Building a roof is one of those activities that doesn't seem hard on paper, but is. When you describe a house, you call it "a roof over your head," right? Houses live and die by their roofs. Even a small screw-up could reduce the rest of it to complete rubble.
This is not the case with automobiles. With a car, you can buy a car with no roof at all. They're called convertibles. If the factory doesn't produce a convertible version of the car in question? You can buy a specialized tool to convert it. That tool is what the industry calls "an inexpensive sawzall that you can return to Home Depot when you burn out the motor trying to saw through a B-pillar with it."
I've owned a variety of convertibles over the years, many of them intentionally so. There's nothing like the feeling of racing around town with nothing between you and the rest of the universe. Much like motorcyclists feel before their third carb re-tuning of the morning, you feel like you are a wholly integrated part of where you are driving through, instead of some kind of passive observer in a box that flattens children.
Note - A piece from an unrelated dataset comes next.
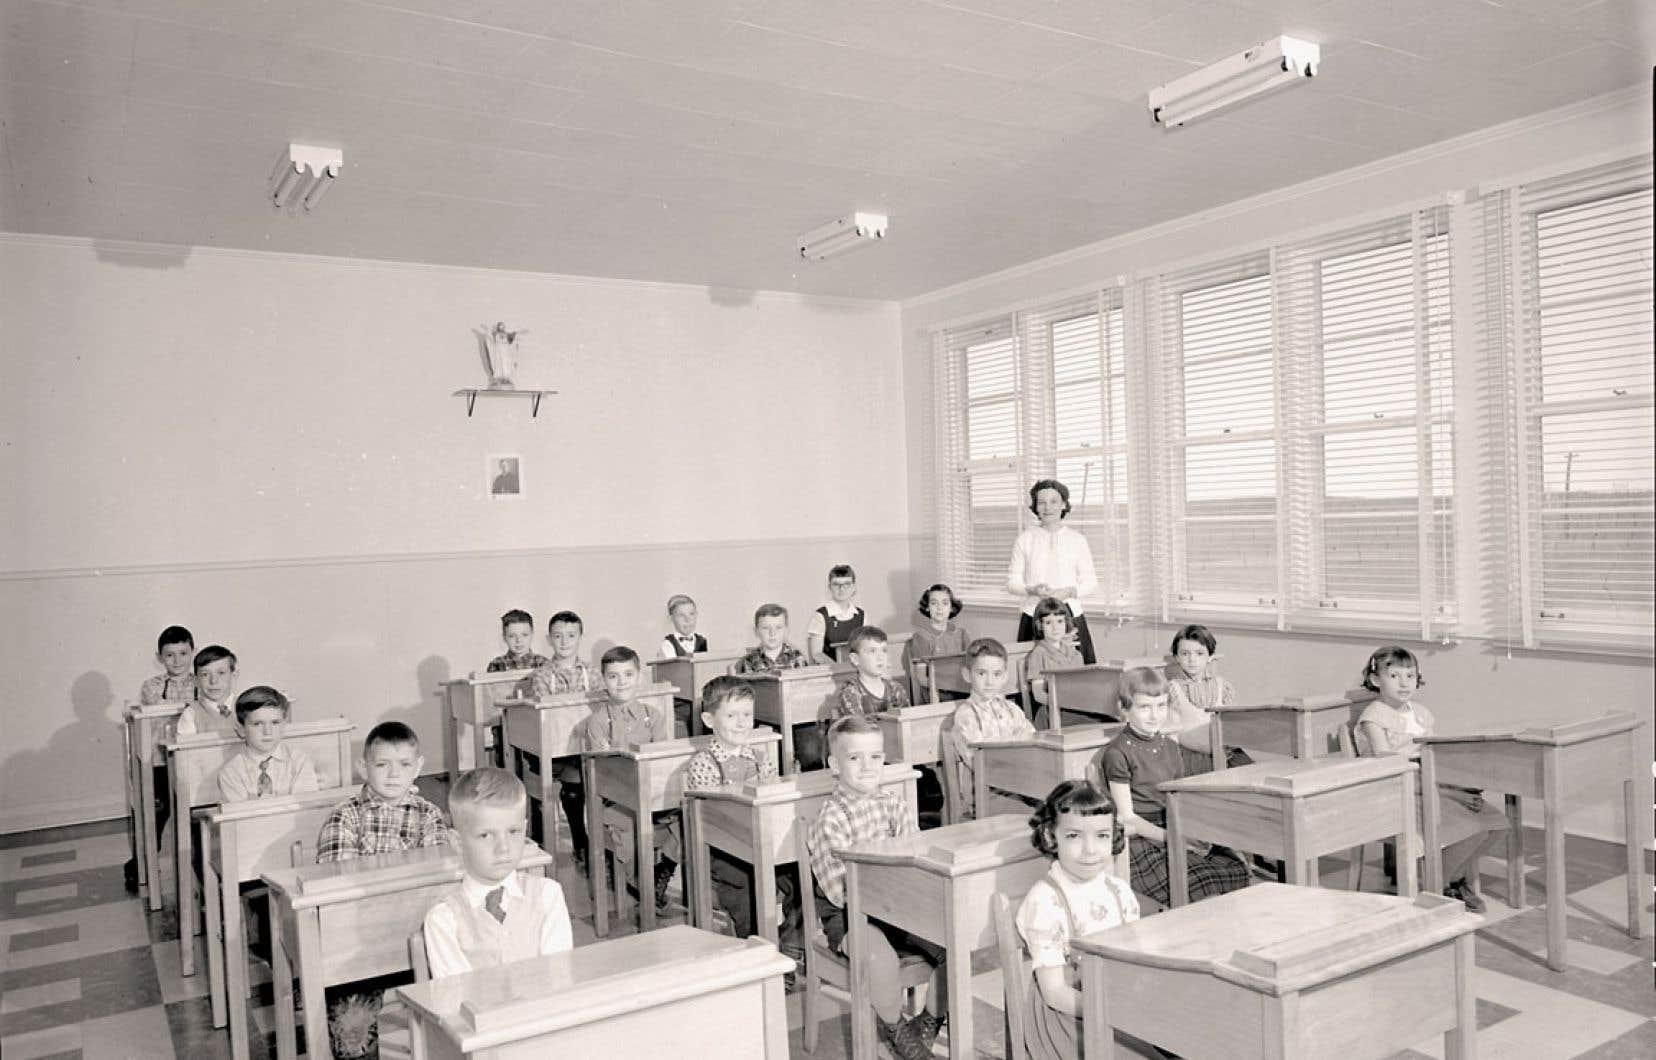 Une école de la région de Lanaudière, dans les années 1950. Bibliothèque et Archives nationales du Québec, Centre d'archives de Montréal, série Office du film du Québec.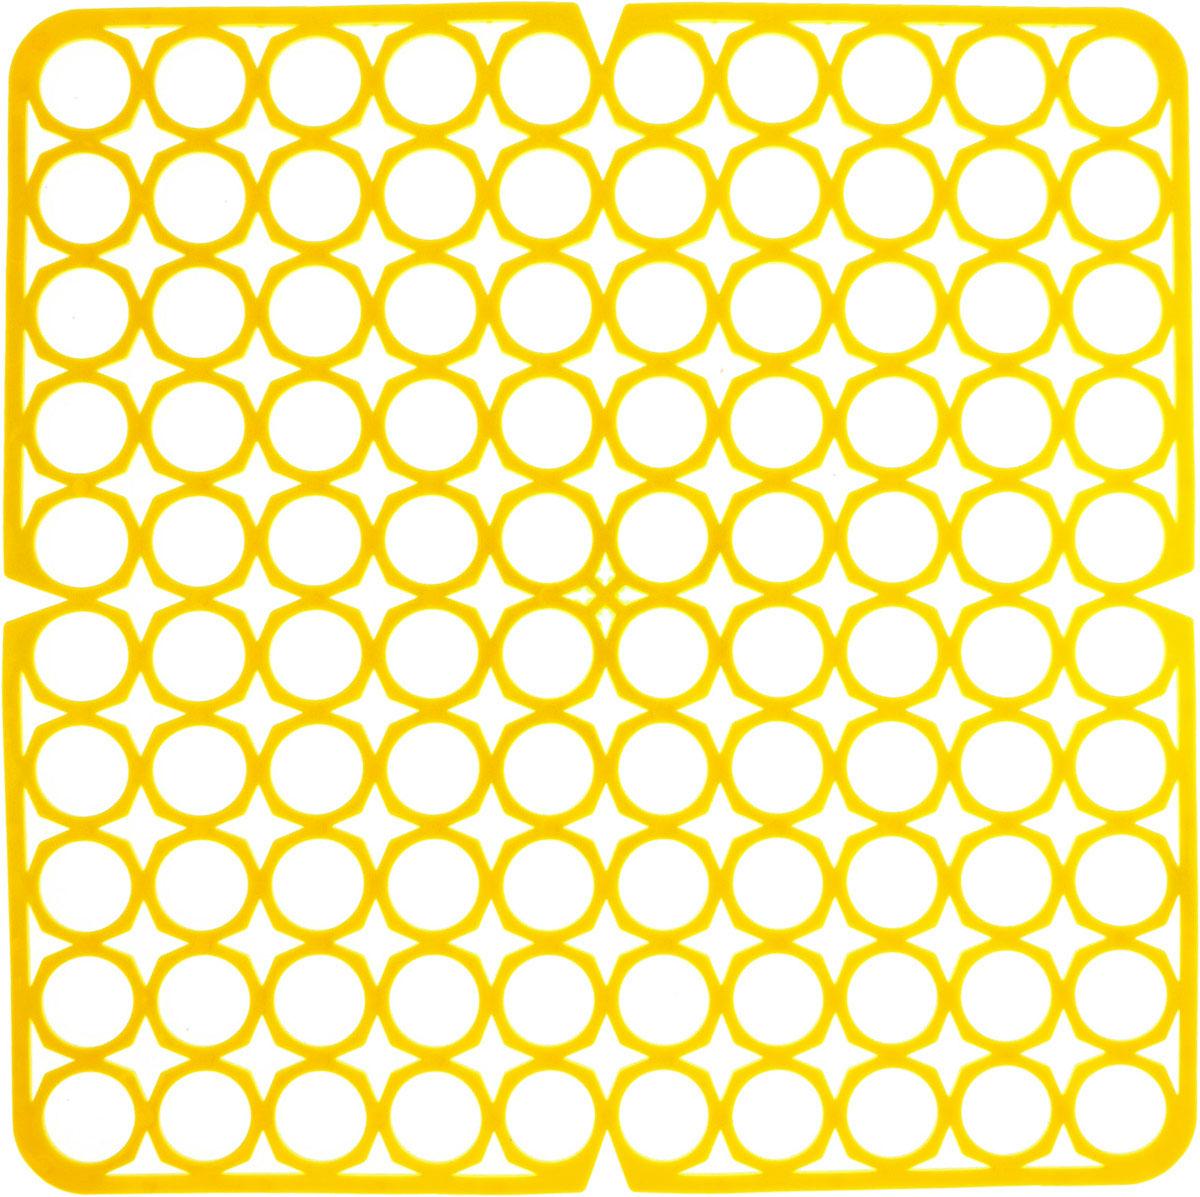 Коврик для раковины York, цвет: желтый, 27,5 х 27,5 см9561/095610_желтыйСтильный и удобный коврик для раковины York изготовлен из сложных полимеров. Он одновременно выполняет несколько функций: украшает, защищает мойку от царапин и сколов, смягчает удары при падении посуды в мойку. Коврик также можно использовать для сушки посуды, фруктов и овощей. Он легко очищается от грязи и жира.

Of course, convertibles do have their downsides. The seal is never quite waterproof, because water is tricky. There's a complicated mechanism to take care of, even on the simplest cars. Idiots will try to cut a hole in your roof in order to break into your car and steal valuable things that you can't afford in the first place because you keep having to replace the roof. And, above all, there's the wobbliness. Conventional structural engineering states that cars are meant to have a roof, mostly because they weigh several thousand pounds, especially when some jerk is throwing them around corners with reckless abandon on the eve of their 40th birthday.
Don't worry, though. The car industry has also produced a solution so you can have a nice hard top on your car while still enjoying a modicum of wind inside the cabin. It's called a sunroof, and it also includes the fun of tracking leaks and mouldy smells inside your perfectly good car. If you ask me, though, I'm going to stick to the sawzall.